Tyranny of the Majority
If the first source of abuse in a democratic system comes from elected autocrats, the second comes from the people themselves. The separation of power is eroded, human rights and undermined, long-standing traditions of tolerance and fairness are corrupted by forming new parties aligned by ethnic, religious, regional, or socioeconomic divides. Without a background in constitutional liberalism, the introduction of democracies in divided societies as actually fomented nationalism, ethnic conflict, even war. Elections require that politicians compete for people’s votes. In societies without strong traditions of multiethnic groups or assimilations, it is easiest to organize support along racial, ethnic, or religious lines
War
The “democratic peace” – the assertion that no 2 modern democracies have gone to war against each other (does the American Civil War count? Do nuclear weapons better explain the peace?). The “perpetual peace” is a mutual respect for the rights of each other’s citizens, a system of checks and balances assuring that no single leader can drag a country into war, and classical liberal economic policies (the most important is free trade) that create an interdependence that makes war costly and cooperation useful. In countries not grounded in constitutional liberalism, the rise of democracy often brings with it hypernationalism and war-mongering. When the political system is opened up, diverse groups with incompatible interests gain access to power and press their demands. Political and military leaders, who are often embattled remnants of the old authoritarian order, realize that to succeed they must rally the masses behind a national cause. The result is invariable aggressive rhetoric and politics, which often drag countries into confrontation and war
What is to be Done? Consider the example of Indonesia in 1998. At the time, it was not ready for democracy.
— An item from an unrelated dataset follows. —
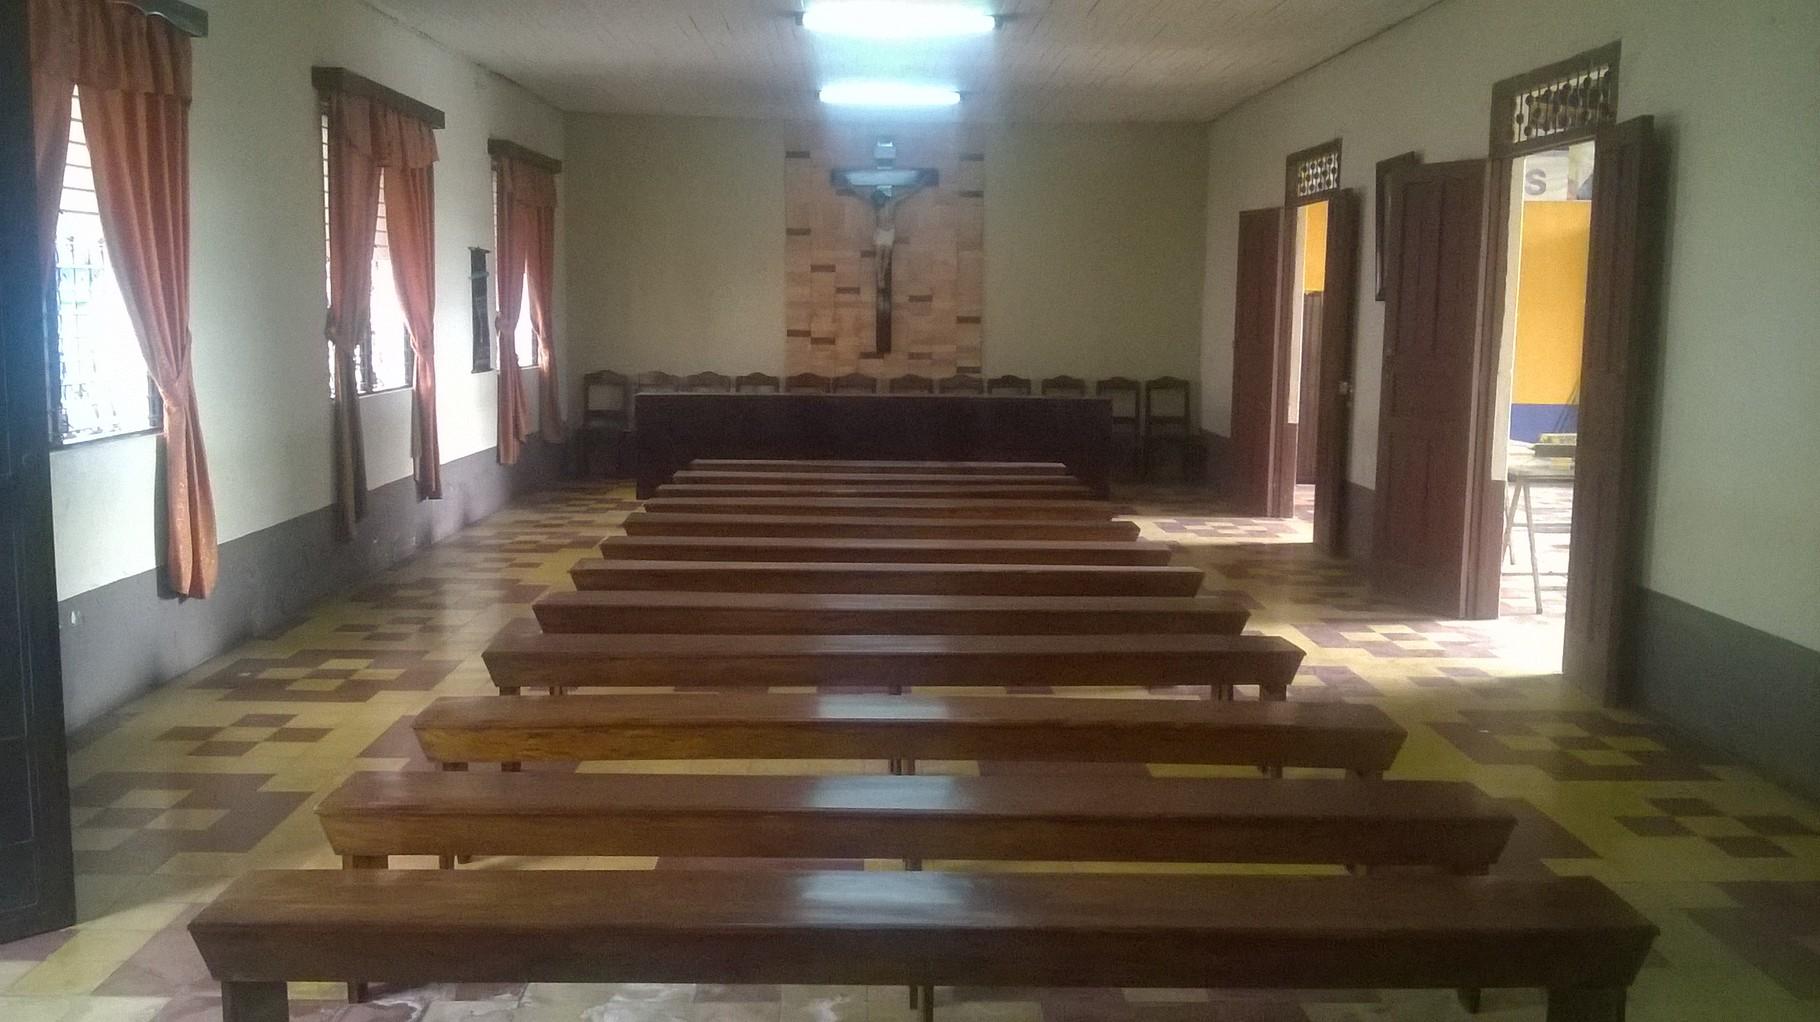 Proyecto de Junta Directiva de la Hermandad de Jesús Nazareno de las Misericordias y señor Sepultado de la Paz , y colaboración del Señor Ramiro San Juan , en la elaboración de 12 bancas y 12 sillas barnizadas, para uso del salón de sesiones Buenaventura
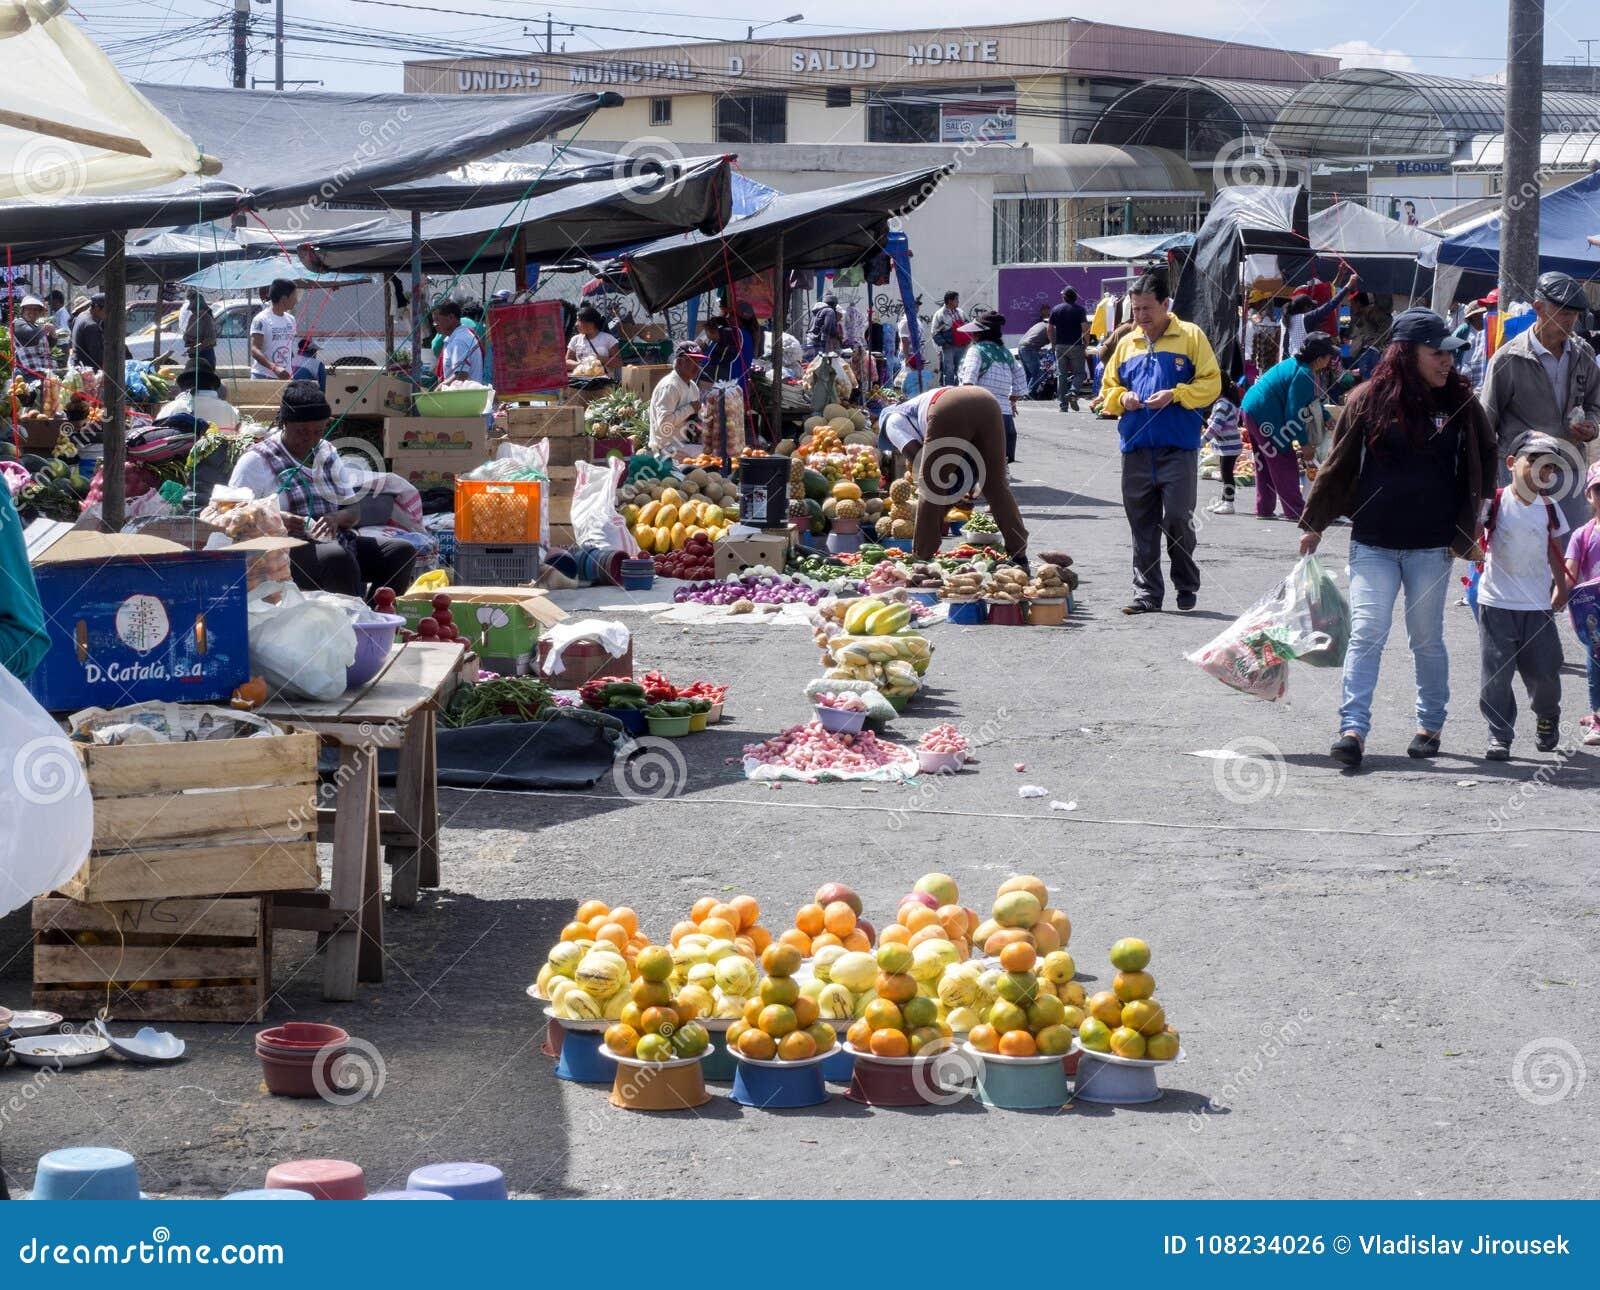 QUITO, EQUADOR - 07 DECEMBER 2017, rijke aanbieding van vruchten, groenten en vlees, Quitomarkt, 07 December 2017, Quito, Ecuador

Strike 1: the country was very reliant on natural resources; Strike 2: the nation was bereft of legitimate political institutions; and Strike 3: the nation had a low level of per capita income. All leading to abysmal results: GDP contracted 50%, wiping out a generation of economic progress and pushing 20 million people below the poverty line. Indonesia also witnessed the rise of Islamic fundamentalists who, in a country without much of a political language, speak of religion. Had the IMF and the US recognized the political instability these reforms would produce, they might have done a more incremental approach
Nowhere are these tough choices between order and instability, liberalism and democracy, and secularism and religious radicalism more stark than in the Middle East today. And nowhere will it be more important that the United States get it right, in theory and in practice.